I have reread the Quadros
review of cobalamin assimilation and metabolism plus a
two reviews on the cobalamin letter diseases (inborn errors of metabolism) which help to define the steps in intracellular cobalamin processing.
I was reminded all over again of my original frustration in trying to understand the detail better - every interesting reference in the Quadros review is behind a significant pay wall.
I found out though that Quadros is very active in cobalamin research and has made significant contributions to understanding. So until evidence is produced to the contrary, I'll accept the statements made in the review even if I can't read the detail behind them.
The reviews of the letter diseases (described as cblA - cblG) support what he says.
To summarise :-
Cobalamin is stored in liver and kidney. The storage form is not specifically addressed in the review but a more general statement is made that the predominant form of cobalamin in tissues is adenosyl with a small amount of hydroxyl; the form in blood is predominantly methyl. I have seen other studies stating that the storage form is adenosyl. So it seems that adenosyl is the storage form but I would like more direct evidence for this. In any case, the details of storage and release from storage are not understood.
Cobalamin in blood (predominantly the methyl form) is taken into cells bound to the carrier protein transcobalamin 2 (TCN2), via a specific receptor (Quadros was involved in isolation and characterisation of both the carrier protein and the receptor).
The 3-component complex is processed inside the cell with the receptor recycled to the cell surface and cobalamin/TCN2 sent to lysozomes to release the cobalamin from the binding protein.
This is when the first of the errors occurs - (cblF) - cobalamin largely remains stuck in the lysozome.
Normally though free cobalamin with its upper axial ligand attached (ie methyl, adenosyl etc) is released from the lysozome and two steps follow.
The first removes the ligand (the dealkylation reaction described in the reference linked by
@Eastman, which is performed by the gene product of
MMACHC, defined by cblC.
The second, the product of
MMADHC definied by cblD, changes the oxidation state of the cobalt, a cobalamin reductase.

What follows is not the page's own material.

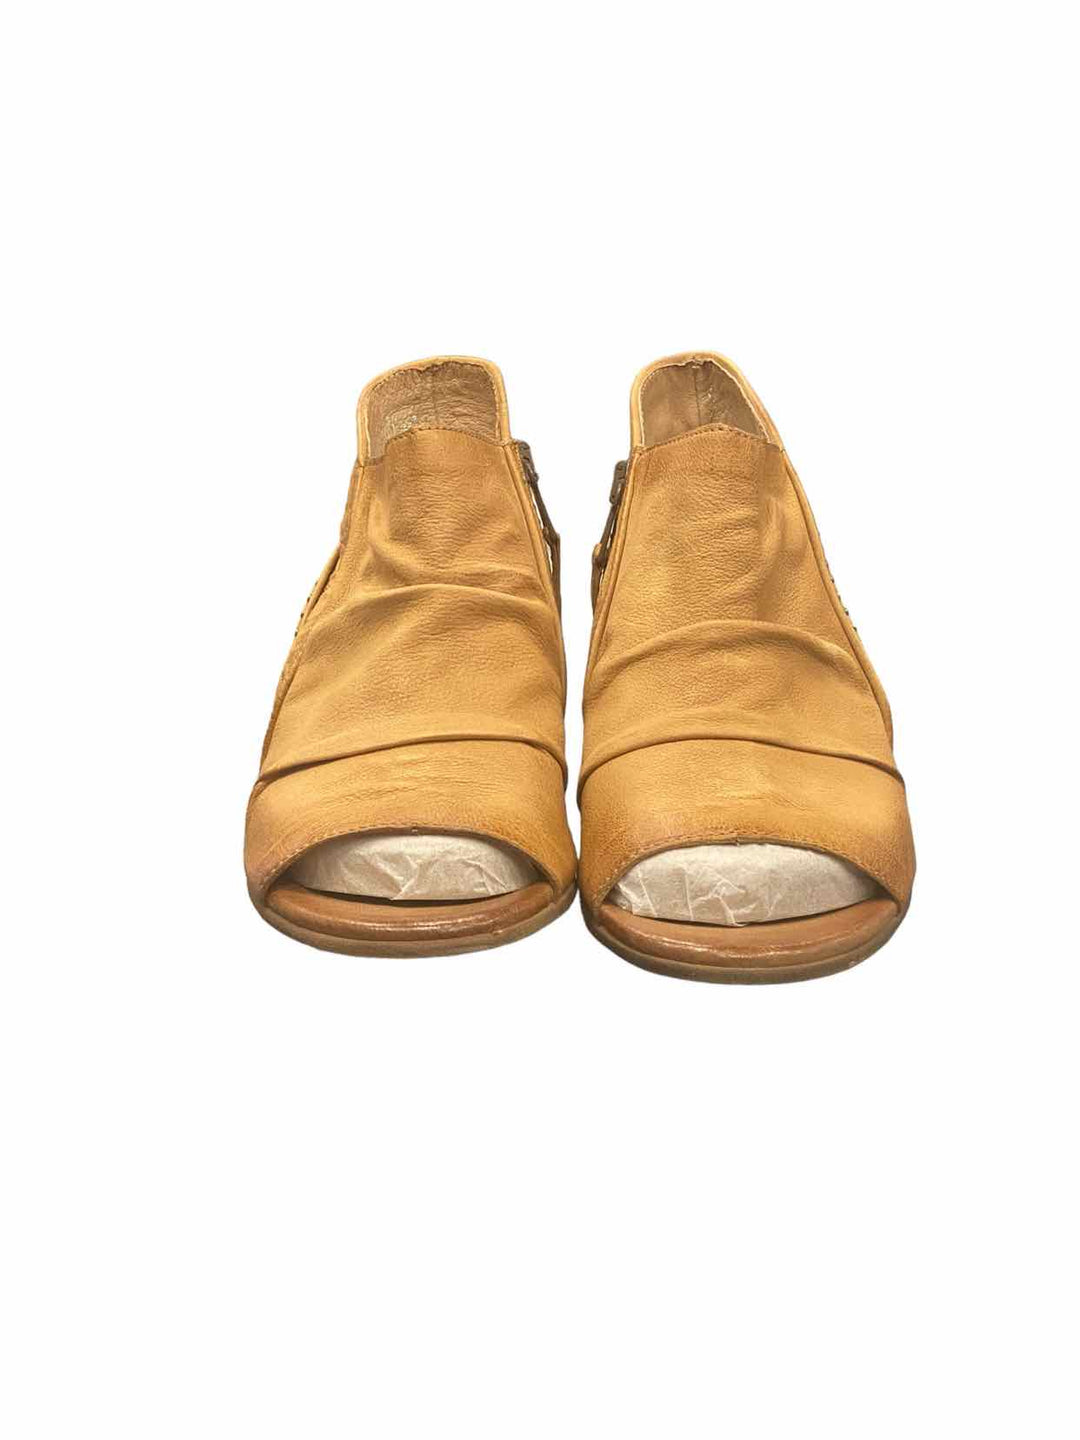 Miz Mooz Shoe Size 37 Brown Leather NWOT Sandals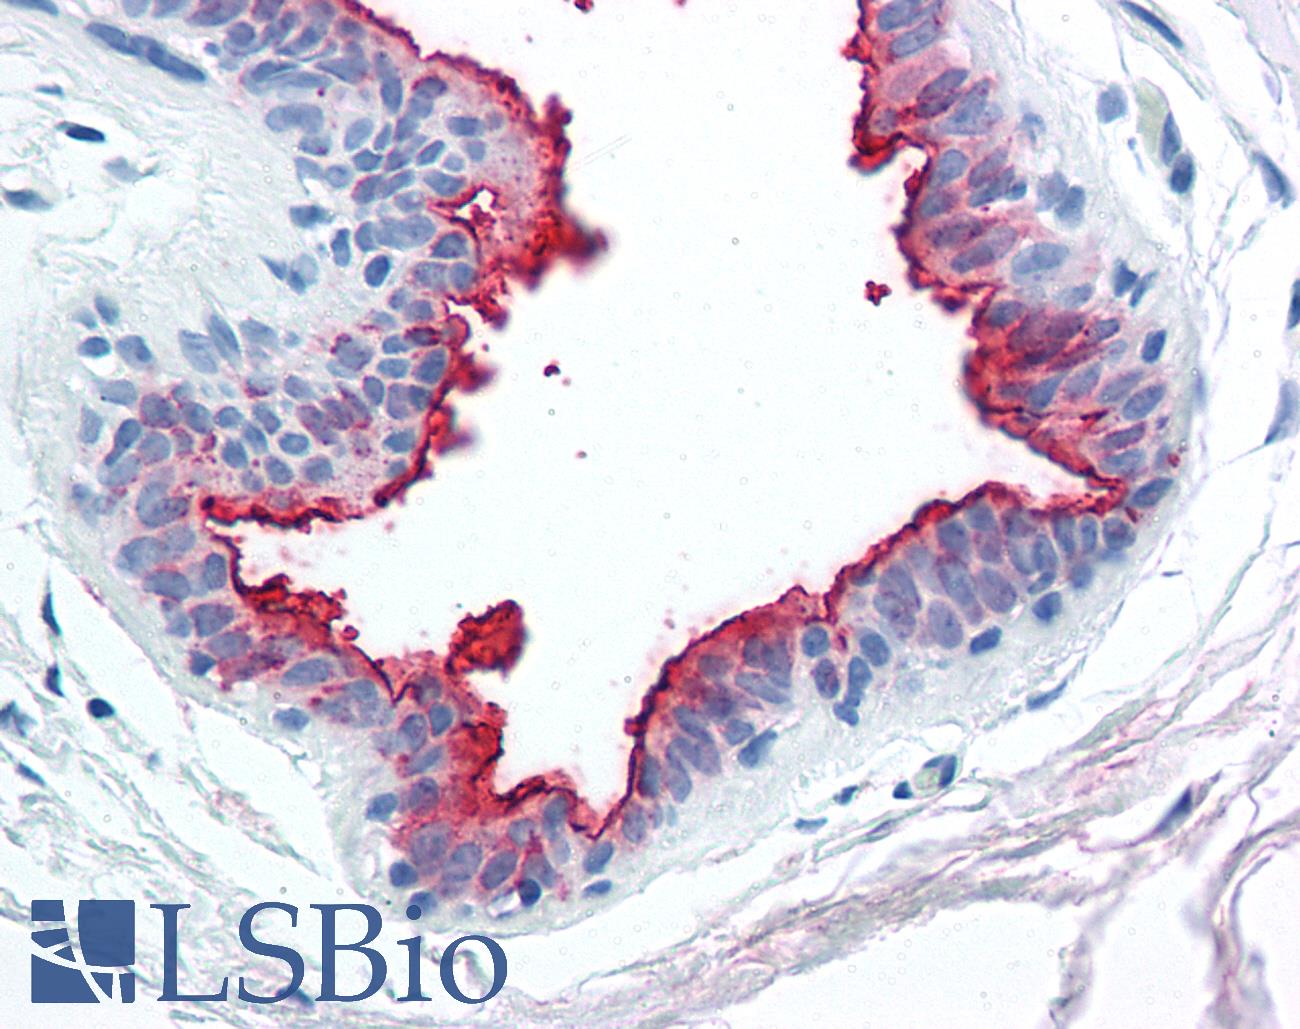 EMA / MUC1 Antibody - Human Breast: Formalin-Fixed, Paraffin-Embedded (FFPE)

From here, cobalamin is shepherded either to the enzyme complex MTR/MTRR where cobalt is further reduced and a methyl group added, or into the mitochondrion. cblE and G define defects in MTRR and MTR respectively.
Two different variants defined by cblD (variant 1 and 2) appear to act as chaperones in this process, protecting and stabilising cobalamin (ie the cobalamin is never left naked). Variant 1 is involved with MTR/MTRR and variant 2 with MUT.
In the mitochondrion, the product of
MMMA, defined by cblA, of uncertain function, but presumably a cobalamin reductase, further reduces the cobalt atom. Then an adenosyltransferase, the product of
MMMB, defined by cblB, adds an adenosyl group (in an ATP dependant reaction) before the cofactor binds to its enzyme MUT (methyl malonylcoA mutase).
A defect in
MUT is described as MUT rather than a cbl letter.
I have uploaded a diagram.
The other relevant studies were also performed by Quadros. In these, various labelled forms of cobalamin were added to cells and the products analysed. These showed that the three forms studied, viz cyano, adenosyl and methyl, were readily interconverted.
That's all I have the energy for now.
Intracellular processing of cobalamin is very complex and is not fully understood.
Initially though the upper axial ligand is removed from all forms once they are inside the cell. From there, cobalamin can be converted to either of the active forms.
Labelling studies show that the forms can interconvert readily.
Probably adenosyl is the storage form but storage mechanisms are understood even less well.